To be clear: what ends in The End of Nature isn't nature at all, but a certain idea of nature -- the clean, crisp, humans-versus-wilderness dichotomy that we've come to associate with writers like John Muir and Thoreau. People on one side, grizzly bears and golden eagles and blue whales on the other.
Thanks to writers like McKibben and William Cronon, we recognize today that we are not separate from nature; we are nature, or at least one of its constituents. The chemicals we release into waterways drive evolution. Our cities destroy the homes of some creatures, but create habitat for others. And we depend on the natural world -- on the bats that eat our pests, on the bees that pollinate our crops, on the shellfish that filter our water -- as surely as any bird or fish or fellow mammal.
This doesn't mean, of course, that our influence on the planet, and our exploitation of it, is in any way benign -- that because we are part of nature, our behavior is inherently normal. We are nothing like any of the other 8.7 million species (give or take a few million obscure types of fungi) on earth. We call beavers ecosystem engineers because they dam rivers and create lakes, but that's peanuts -- who else can change the weather?

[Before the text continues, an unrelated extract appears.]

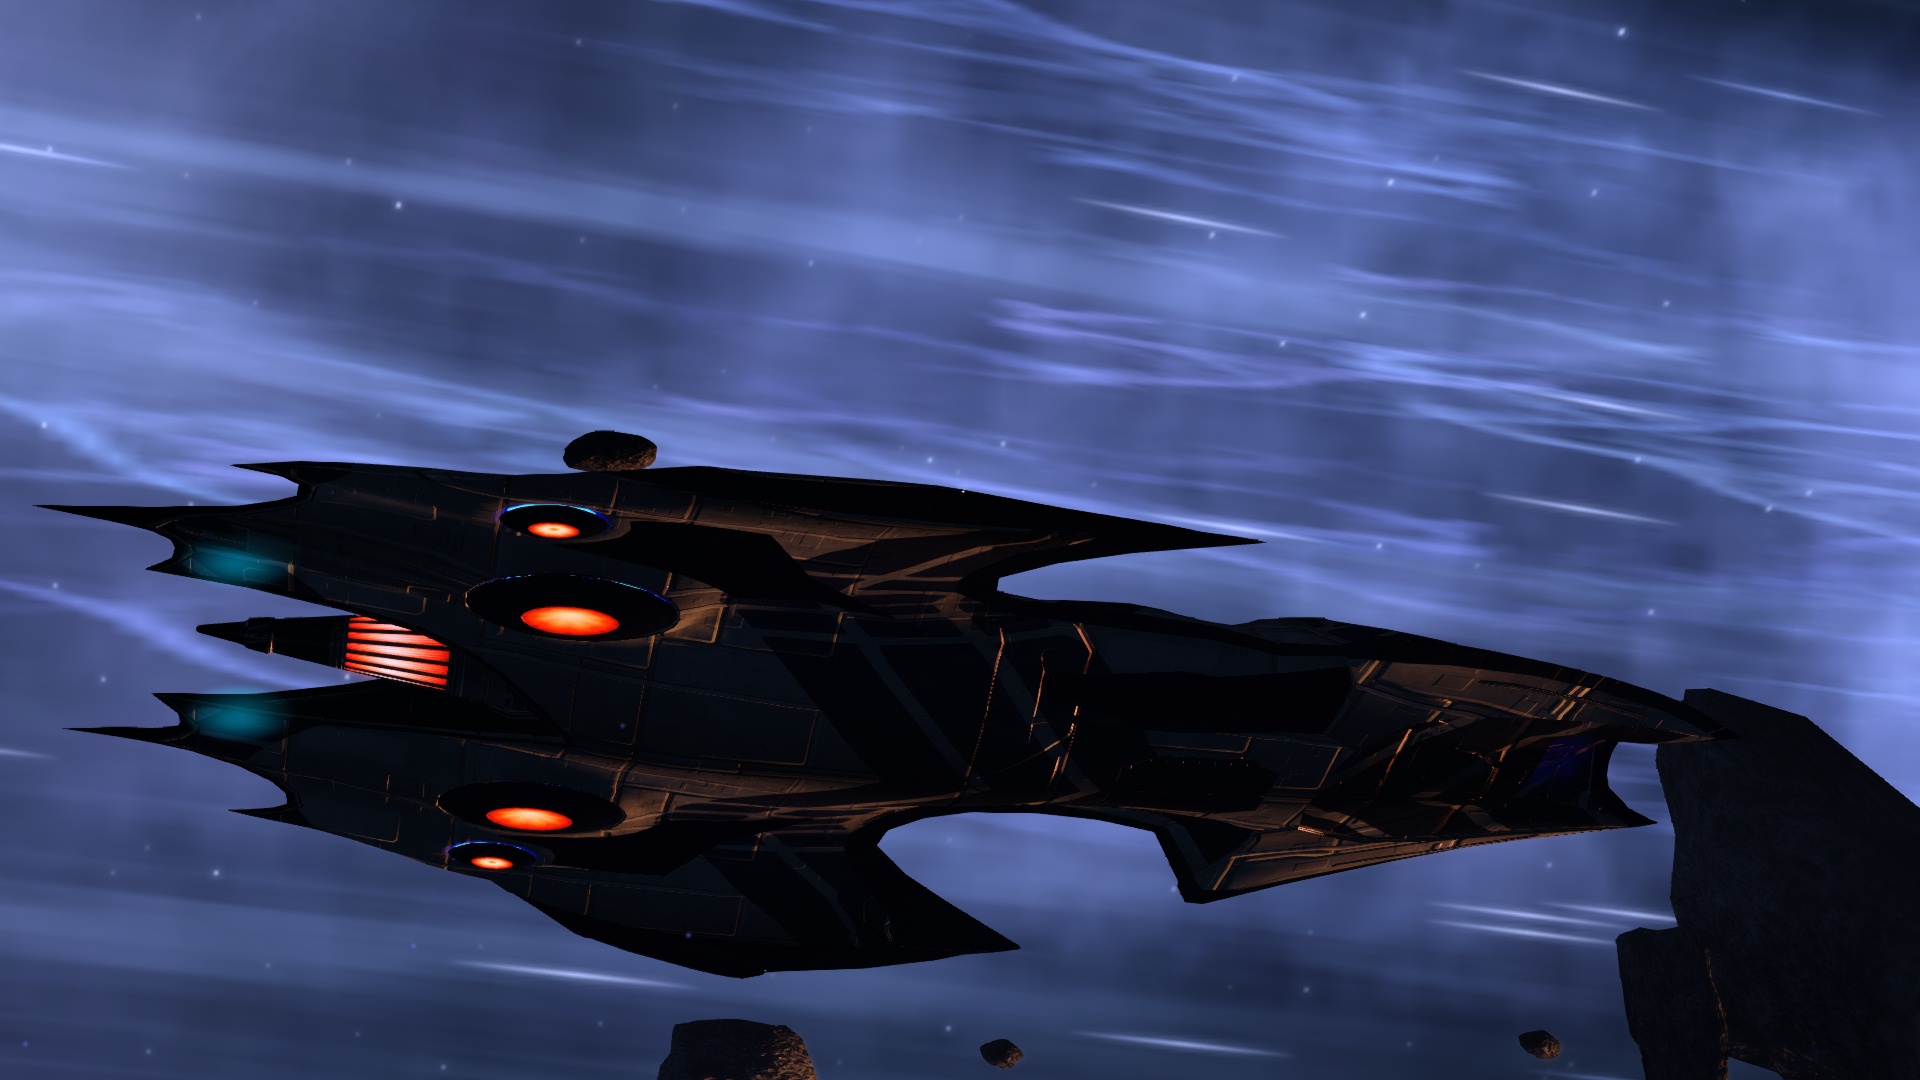 U.S.S. Purgetory in VZA 1004 'Out in the Cold' by jdciollins 12th Legacy Fleet

We wield the power of deities without any of their intentionality or self-awareness.
Camille Seaman's clouds are spectacular, to be sure -- but theirs is not a harmless beauty. They're menacing, ominous, heavy with rain and charged with lightning. They are the parents of floods and fires. And we helped create them. When we look at Seaman's pictures, therefore, when we gaze into the swirling, electric depths of those supercells, we are looking into ourselves -- our terrible, beautiful, powerful selves.